Unless you’re sitting on a casual $252,300 — the median price of a home in Arizona — or £230,630—the average price of a property in the UK in November 2018 — if you buy a home, it will be with a mortgage.

A mortgage is a long-term loan used to buy a property or land, typically running 25 years, but occasionally up to 35, secured against the value of the property until it’s paid off. That means if you fail to keep up with the monthly payments, your property can be repossessed by the lender.

How much can you borrow with a mortgage?

With a mortgage, you can borrow a percentage of property’s value, the exact amount of which will depend on your income, outgoings, and financial situation. Typically, lenders will extend you a loan of typically 3 times—but occasionally 4.5 times—your salary, but they’ll also account for your expenses and credit rating when evaluating you as a borrower.

To obtain a mortgage, you’ll typically have to show evidence of your earnings: if you’re employed the P60 form you receive from your employer, showing how much you’re paid and how much salary is deducted, should be sufficient. If you’re self-employed, the process will be trickier and will require three full years of accounts—and some lenders will still balk at lending to you.

You can vouch for your expenses with three months of bank statements.

It’s important to remember that you generally can’t borrow the full purchase price of the property. You’ll typically have to put down at least a 5% deposit, but the larger deposit you can muster, and the lower loan to value ratio (LTV) you have, the better mortgage rates you’ll qualify for. The best mortgage deals are reserved for those who can put down at least 25% of the value of the property. About those rates in a second…

Interest on mortgages

Like any loan, form your overdraft to one for a car, you’ll pay interest on your mortgage. There are two broad types of mortgages based on their interest rates:

• Fixed rate mortgages: the percentage interest you pay will remain static for a set period of time, usually two to five years

• Variable rate mortgages: the interest rate will fluctuate, based on the assessment of your lender, or, if you have a tracker mortgage, a specific type of variable rate mortgage, on the Bank of England’s base rate.

How mortgages are paid

There are two ways to pay a mortgage:

• Repayment: You pay off a portion of the principal of the loan and interest each month and own the property outright at the end of the term.

• Interest-only: You pay just the interest on the loan each month, which results in significantly lower bills, but you then have to pay off the principal of the loan in a lump sum at the end fo the term.

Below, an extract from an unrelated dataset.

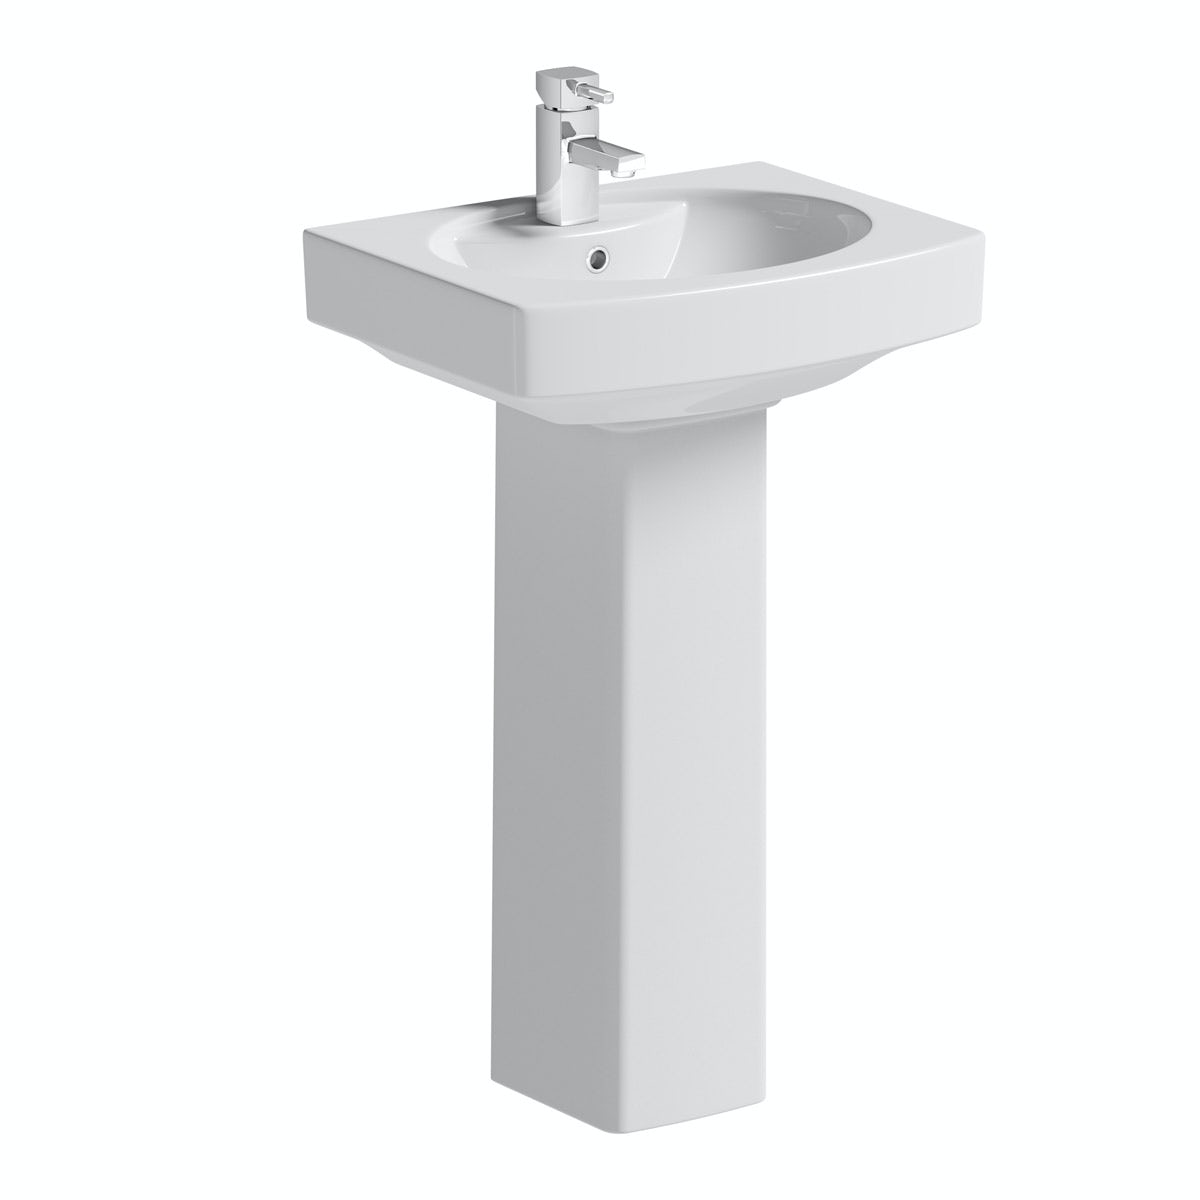 Wye Basin & Pedestal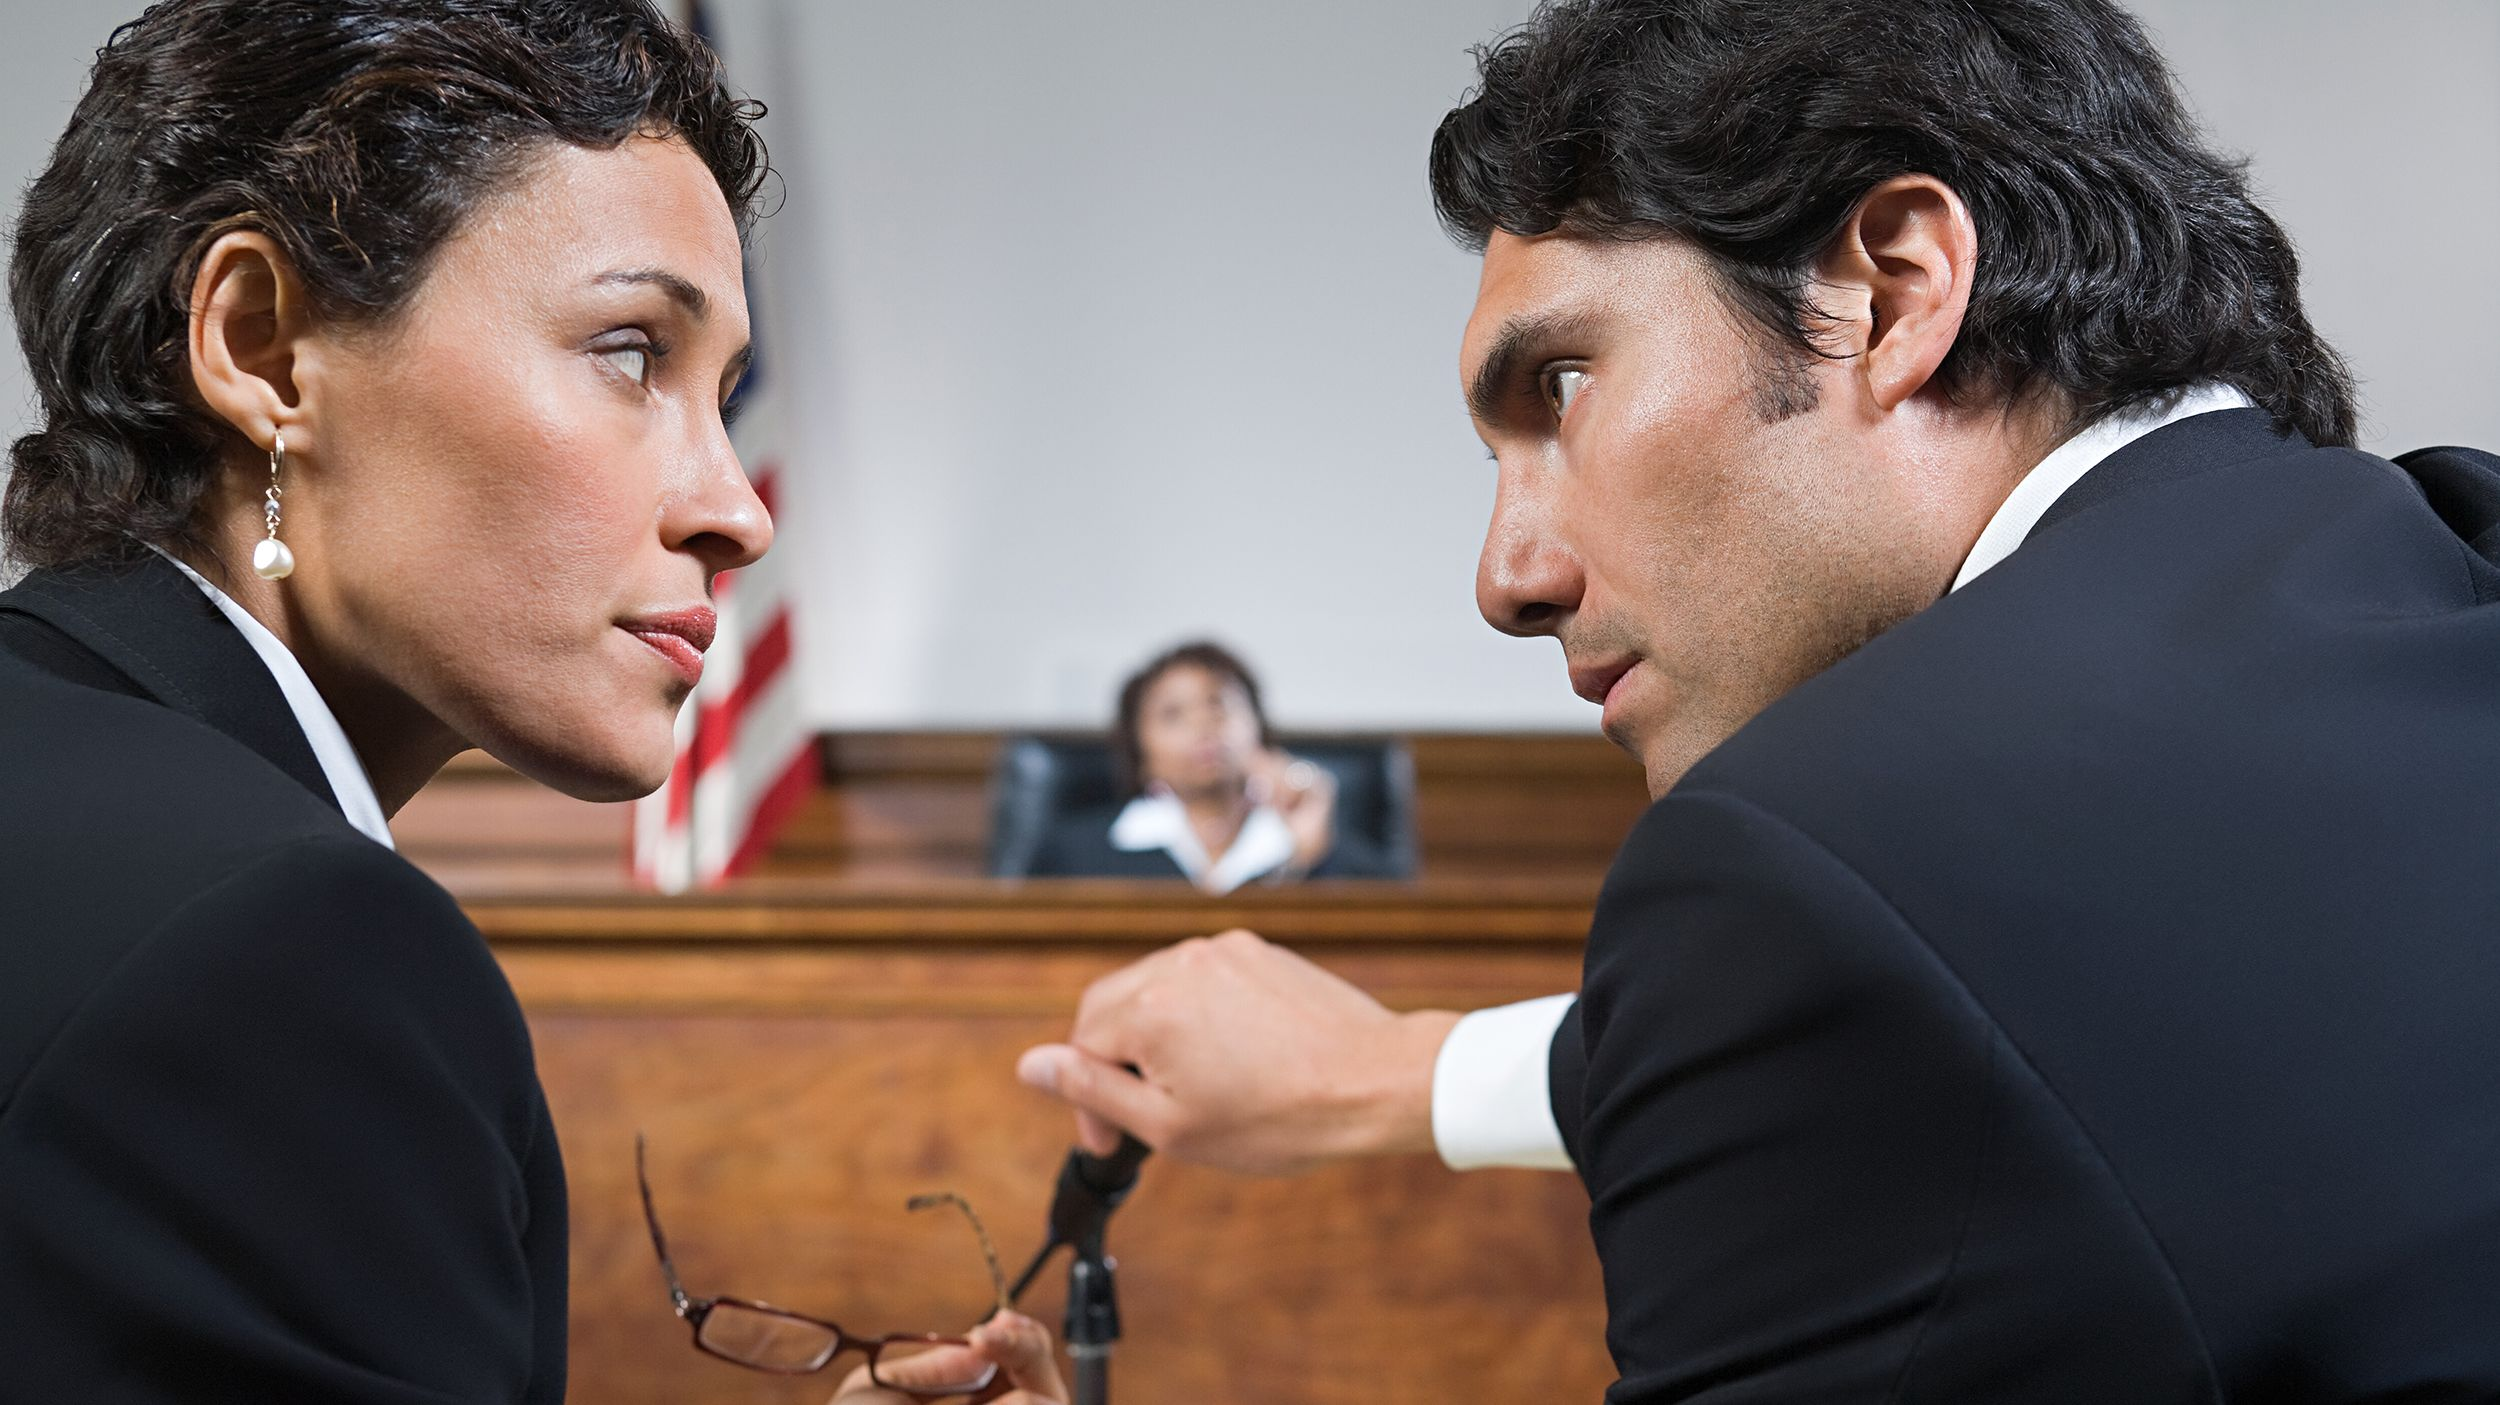 18 Secrets of Criminal Defense Attorneys | Mental Floss

Interest-only mortgages have become harder to obtain for owner-occupiers (you’ll have to show a repayment plan, usually investments, and your lender will periodically check in to see if it’s performing as expected) but are standard on buy to let mortgages (obtained by landlords purchasing a property to rent out).

How do I find a mortgage?

To obtain a mortgage, you should consult your bank or a mortgage broker, which can direct you to deals available from lenders across the market.

Mortgage comparison sites can also give you the lay of the land, but be cautious about applying until you’ve received advice about your eligibility.

You’ll typically obtain a mortgage agreement in principle first—a statement from a lender about how much they can theoretically lend you, based on preliminary checks into your financial situation. This document will give you a firm idea of your budget, helping you narrow down your home search, and will make you more compelling to sellers and their estate agents, when it comes time to make an offer.

Once you’ve had an offer accepted on a property, you’ll need to fill out a full application for a mortgage, a process that will involve a more detailed assessment of your financial circumstances and also, typically, the lender obtaining a valuation of the property—as it’s their investment too.